“Oh, come, Bayard!” urged the other. “There’s where you miss it. Why not be comfortable? I don’t see that Christianity and misery need be identical. You are certain to have a tough time if you go on as you begin. Talk about election, foreordination, predestination! You take the whole set of condemnatory doctrines into your hands and settle your own fate beforehand. A man doesn’t leave Providence any free will who sets out in life as you do.”
“Do I strike you that way?” asked the young man anxiously. “If there is anything I abhor, it is a gloomy clergyman!”
“There you are again! Now I’m not finding fault with you,” began Fenton, settling his chin in his comfortable way. “Your soul is all nerves, man. It is a ganglion. You need more tissue round it—like me.”
The two young men stood at the foot of the bare, wooden stairs in the cold entry of Galilee Hall, at the dividing of their ways. It was the usual luck of the other that he should have a southwest room, first floor. But Bayard climbed to his northwest third-story corner uncomplainingly. It occurred to him to say that there were objects in life as important, on the whole, as being comfortable. But he did not.

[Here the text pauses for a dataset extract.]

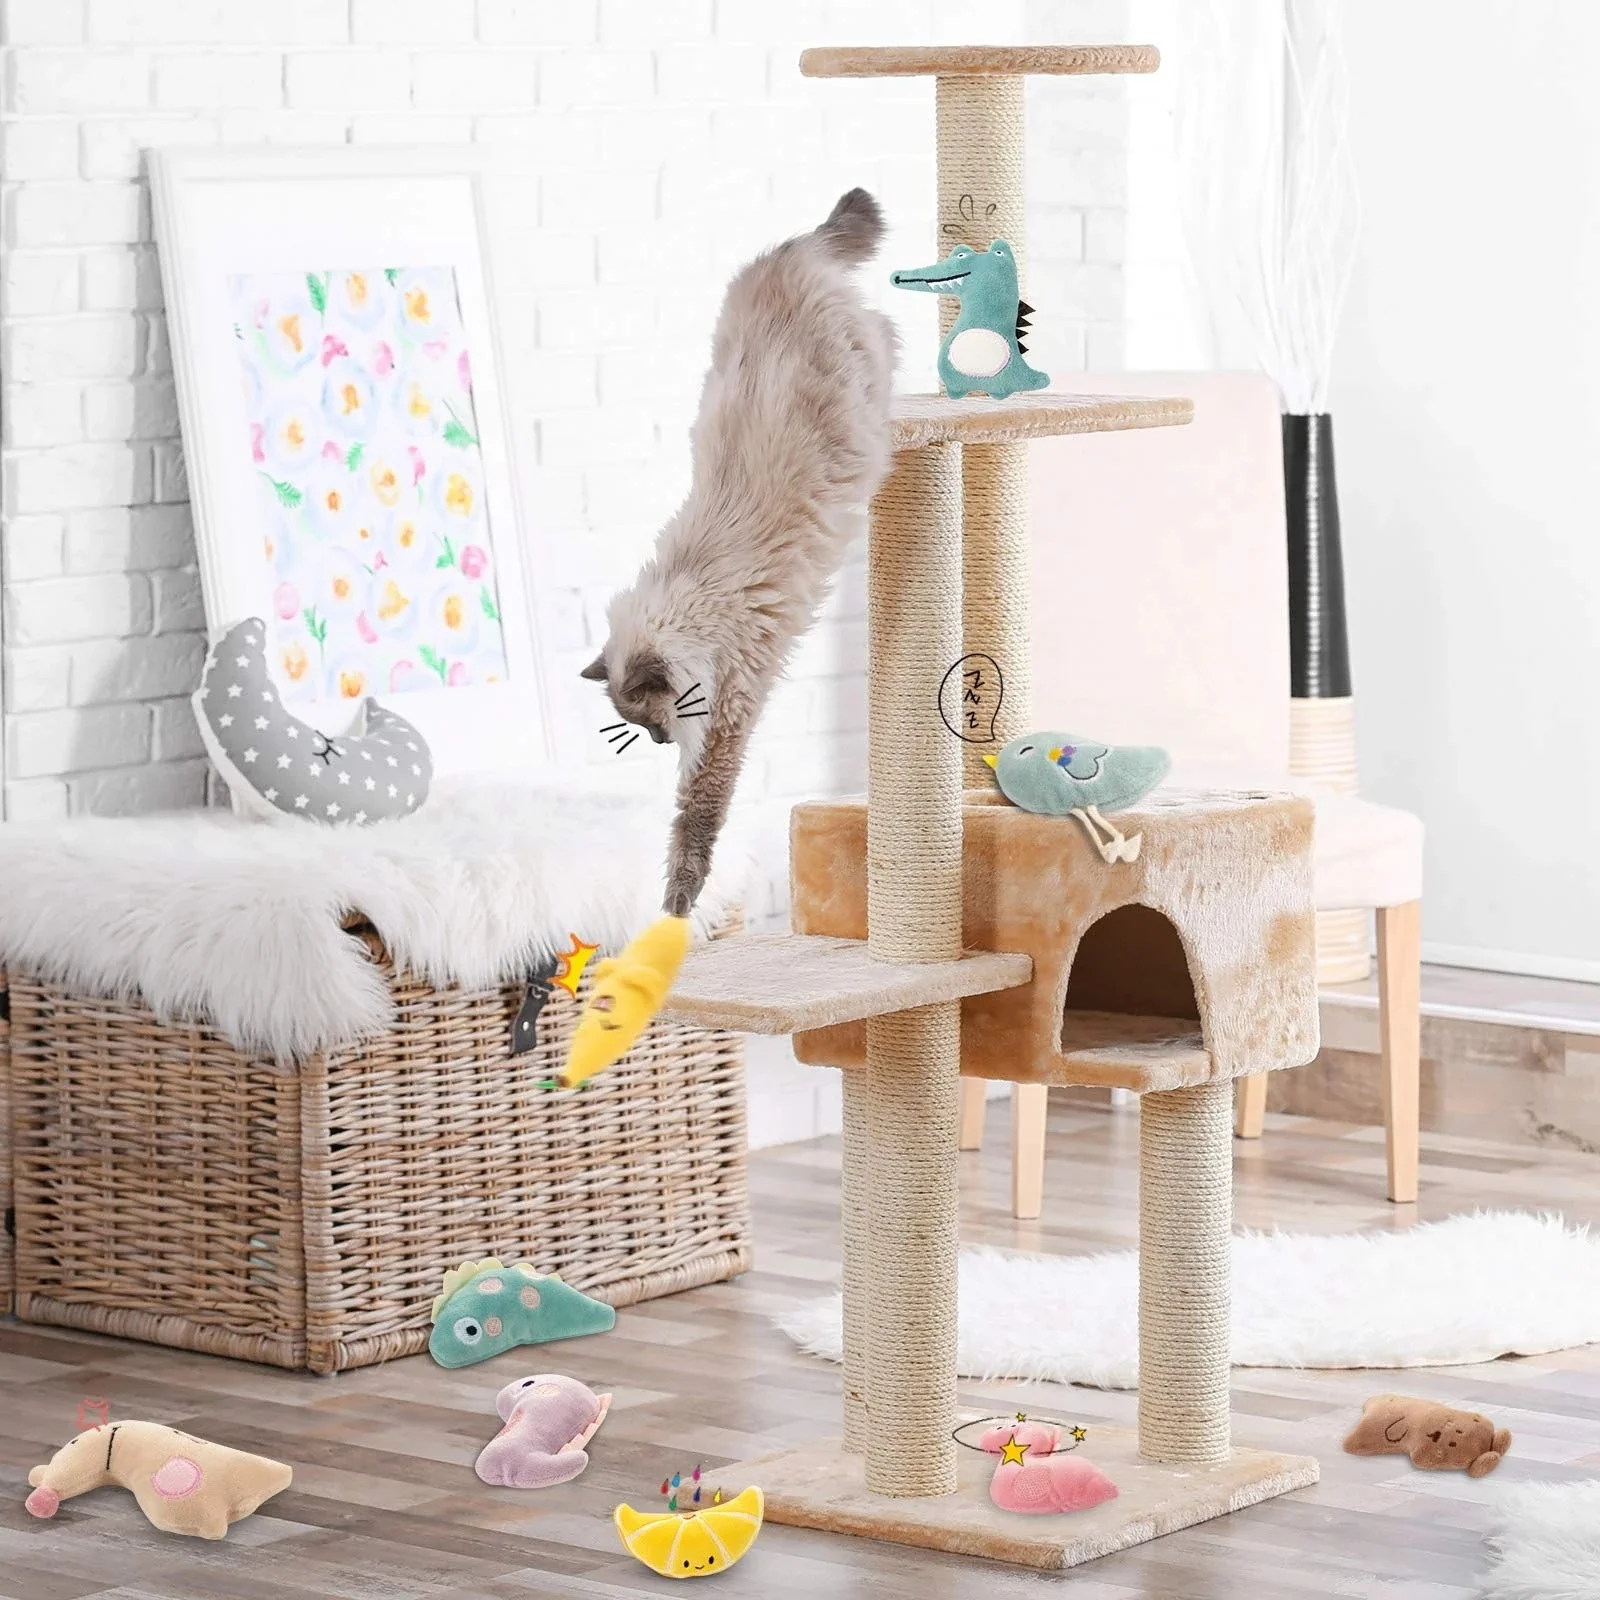 

Cat Toy Catnip Interactive Plush Stuffed Chew Pet Toys Claw Funny Cat Mint Soft Teeth Cleaning Toy For Cat Kitten Pet Products, As the picture shows
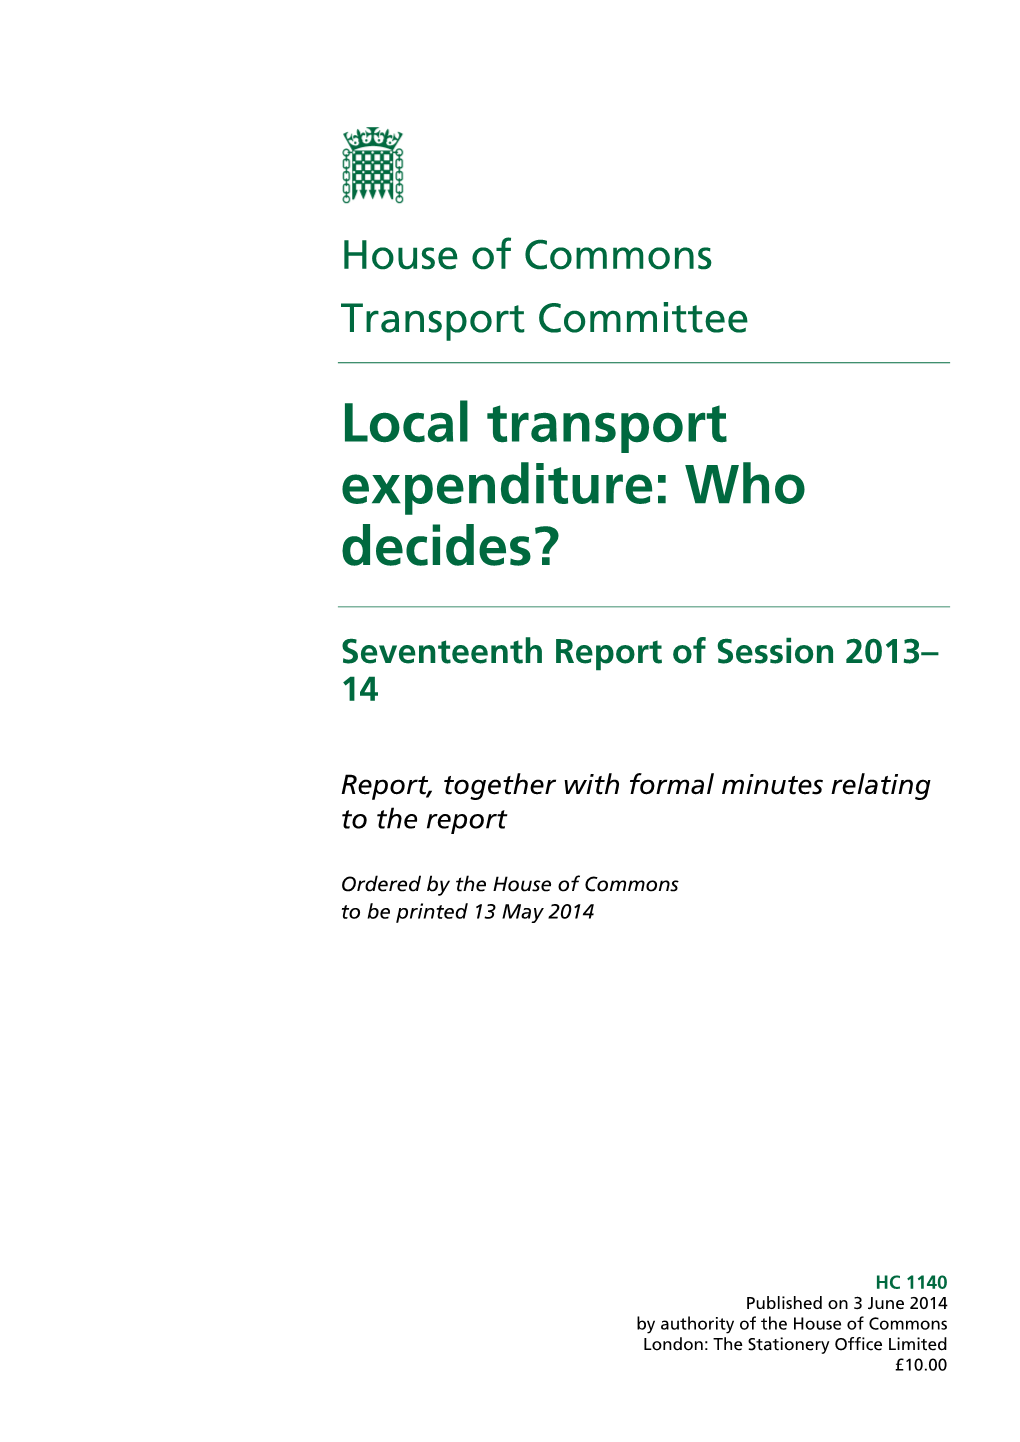 Local Transport Expenditure: Who Decides?

He only asked if the lectures on the Nicene Creed were to be continued at four, and went on, shivering, to his room.
It was a bitter February afternoon, and the wind blew the wrong way for northwest corners. Bayard had spent the day in coddling his big base-burner, which now rewarded him by a decent glow as he entered his study. He had no chum, and thanked God for it; he curled into the shell of his solitude contentedly, and turned to his books at once, plunging headlong into the gulf of the Nicene Creed. At the end of two hours he got up, shivering. The subject was colder than the climate, and he felt congealed to the soul. He flung open his bedroom door. An icy breath came from that monastic cell. He thought, “I really must get some double windows.” He had purposely refrained all winter from this luxury lest he should seem to have more comforts than his poorer classmates.
The early winter sunset was coming on, and Cesarea Hill was wrapping herself in gold and purple and in silver sheen to meet it. Bayard went to his window, and stood, with his hands locked behind him, looking abroad.
The Seminary lawns (old Cesareans spoke of them as the Seminary “yard”), encrusted in two feet of snow, took on the evening colors in great sweeps, as if made by one or two strokes of a mighty brush. The transverse paths that cut across the snow, under rows of ancient elm-trees, had the shape of a cross. The delicate, bare branches of the elms were etched against a blazing west. Above, the metallic sky hung cold and clear. A few students were crossing the lawns, tripping and slipping on the paths of gray and glittering ice. In the wide street beyond, a number of people were breasting the blast, valiantly prepared for a mile’s walk to the evening mail. The night threatened to be very cold. Across the street, the Professors’ houses stood in a serious row. Beyond them, the horizon line ran to Wachusett, undisturbed; and the hill and valley view melted into noble outlines under snow and sun.
Emanuel Bayard stood at his window looking across to the hills. The setting sun shone full in his face. I see no reason why one should hesitate to give a man full credit for personal beauty because one chances to be his biographer, and do not hesitate to say that the attractiveness of this young man was extraordinary.
He was of slender build, but tall, and with good square shoulders that sturdily supported his head. He had the forehead of a student, the carriage of a man of society, and the beauty of a myth, or a saint, which may be the same thing. His complexion was a trifle fair for a man; his brown hair, shot with gold, curled defiantly all over his head; when he first decided to study theology, he used to try to brush it straight, but he might as well have tried to brush Antinous out of fable. He had bright, human, healthy color, and, as has been intimated, a remarkable smile. His lips were delicately cut; they curved and trembled with almost pitiful responsiveness to impressions. Thought and feeling chased over his face like the tints of a vibrating prism cast on a white surface. It was in his eyes that the extreme sensitiveness of his nature seemed to concentrate and strengthen into repose. His nearest friend might have said of Bayard’s eyes, They are hazel, and said no more. Some stranger in the street, to whom the perception of the unusual was given, might have passed him, and said, That man’s eyes are living light. Indeed, strangers often moved back and looked again at him; while people who knew him best sometimes turned away from him uncomfortably, as if he blinded them. This power to dazzle, which we often see in merely clear-minded persons with a well-painted iris, may not be associated in the least with the higher nature, but even the contrary. It was the peculiarity about Bayard that his eye seemed to be the highest as well as the brightest fact in any given personal situation. Neither a prophet nor a cut-throat would for an instant have questioned the spiritual supremacy of the man.
In Paris, once, he was thrown in the way of a celebrated adventuress, and she confessed to him, sobbing, as if he had been her priest, within an hour. Rank is of the soul, and Bayard’s was unmistakable. Beauty like his is as candid, in its way, as certain forms of vice. It is impossible for him to conceal his descent who is born a spiritual prince.